### [EXERCISE REQUIREMENTS]
Print the data exactly. Omit the pictures.

### [RAW DATA]
■ ■ ■ ■ ■ ■ ■

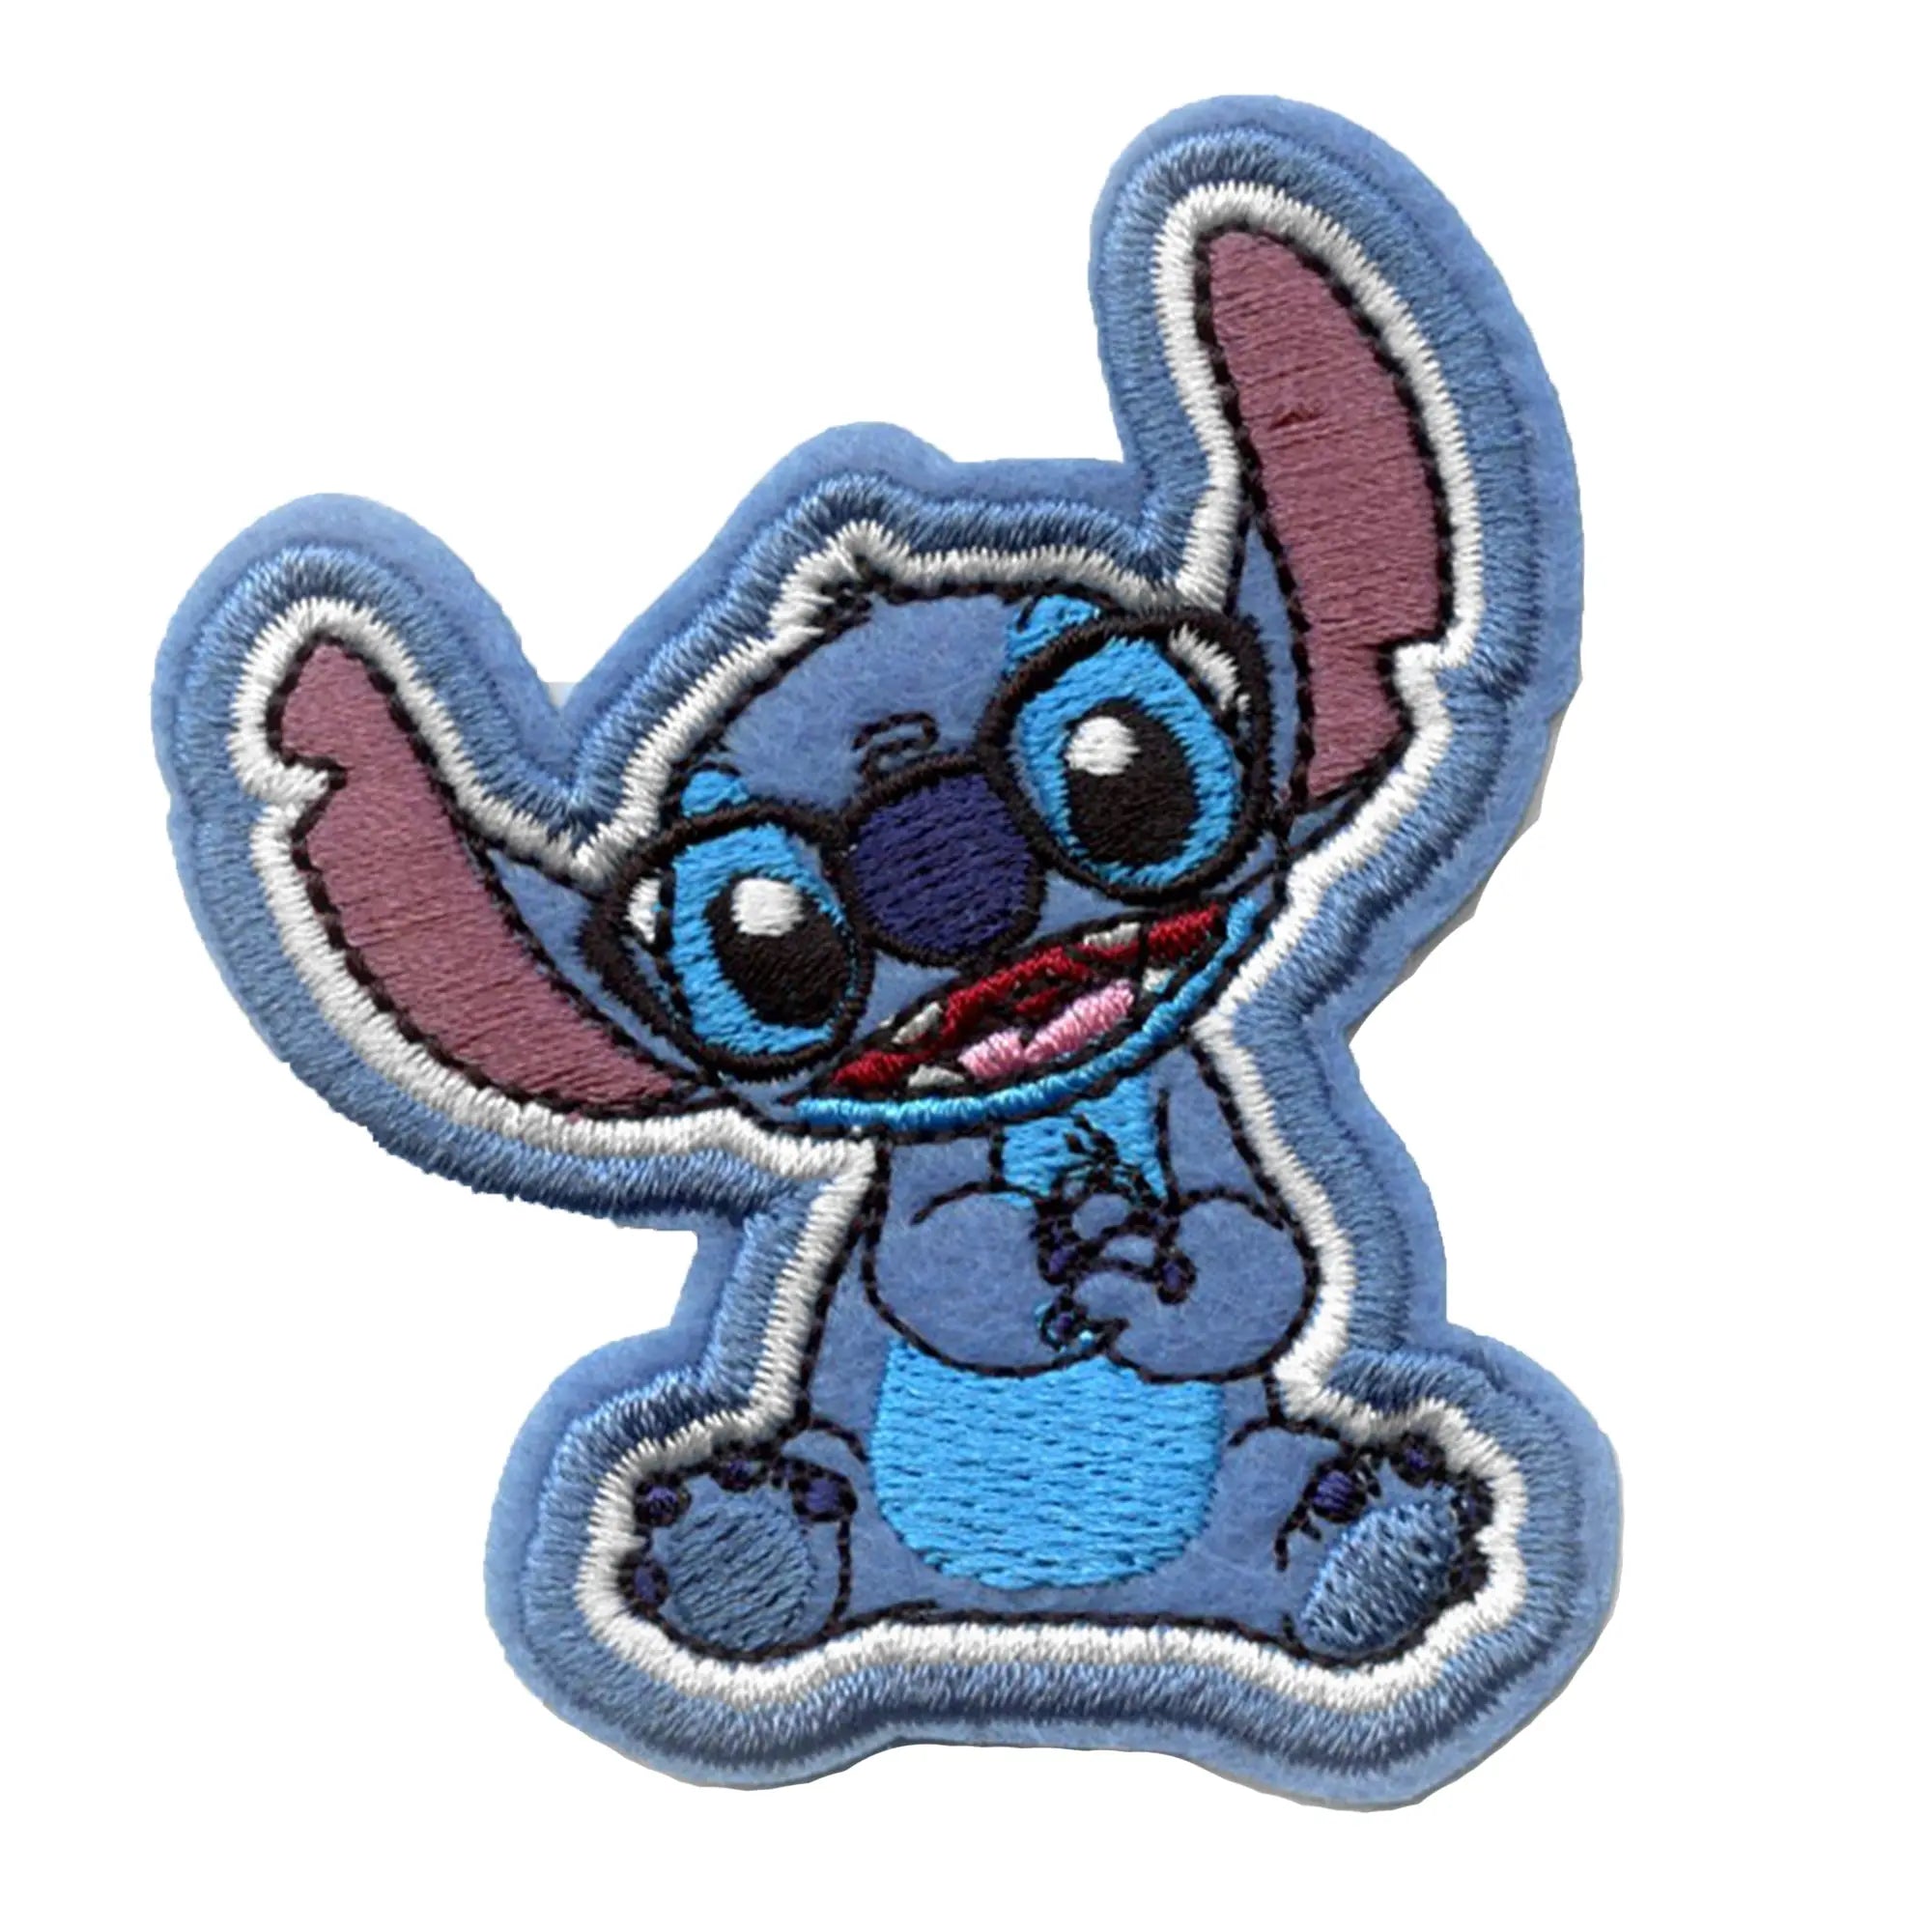 DISNEY'S LILO AND STITCH SUNGLASSES 2 1/2 EMBROIDERED PATCH SEWN/IRON ON
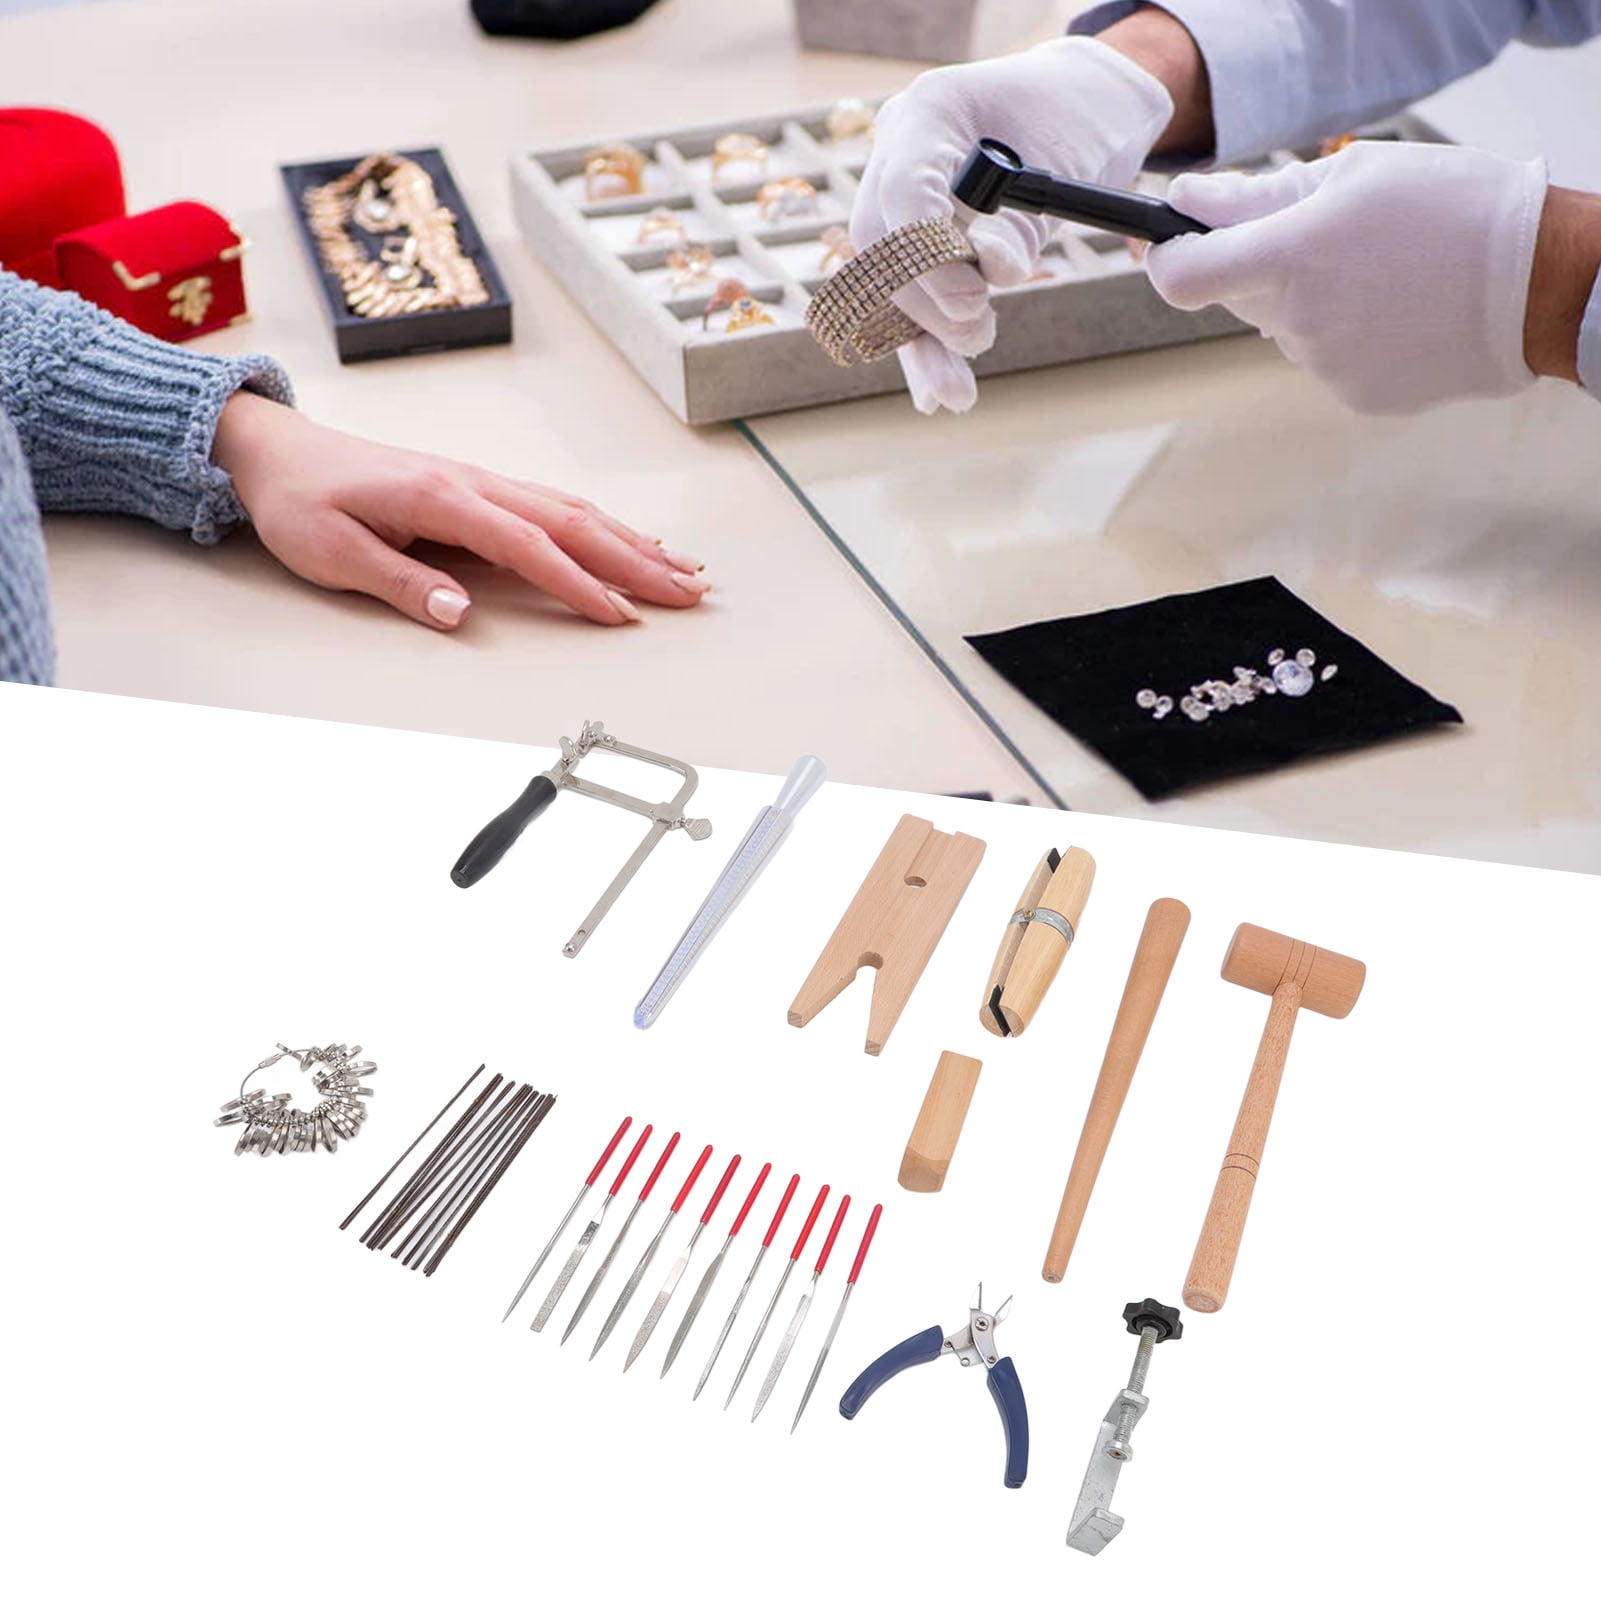 D-FLIFE 19pcs Jewelry Making Tools Kit with Zipper Storage Case for Jewelry Crafting and Jewelry Repair (19pcs)
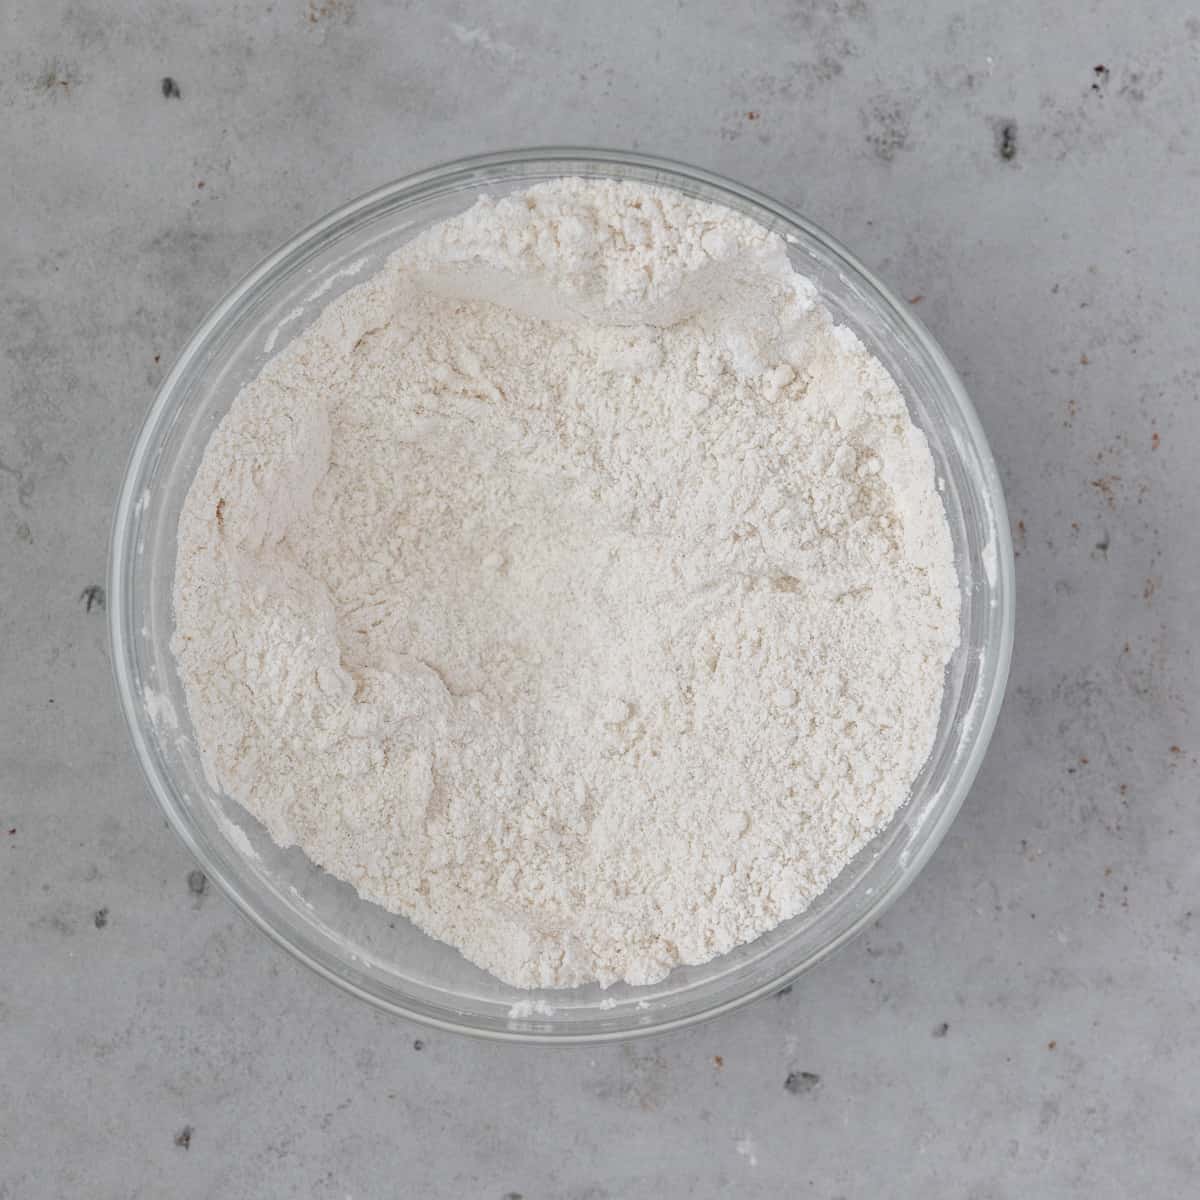 all of the dry ingredients combined in a glass bowl on a grey background

■ ■ ■ ■ ■ ■ ■

### [COMPLETED EXERCISE]
 DISNEY'S LILO AND STITCH SUNGLASSES 2 1/2 EMBROIDERED PATCH SEWN/IRON ON
 D-FLIFE 19pcs Jewelry Making Tools Kit with Zipper Storage Case for Jewelry Crafting and Jewelry Repair (19pcs)
 all of the dry ingredients combined in a glass bowl on a grey background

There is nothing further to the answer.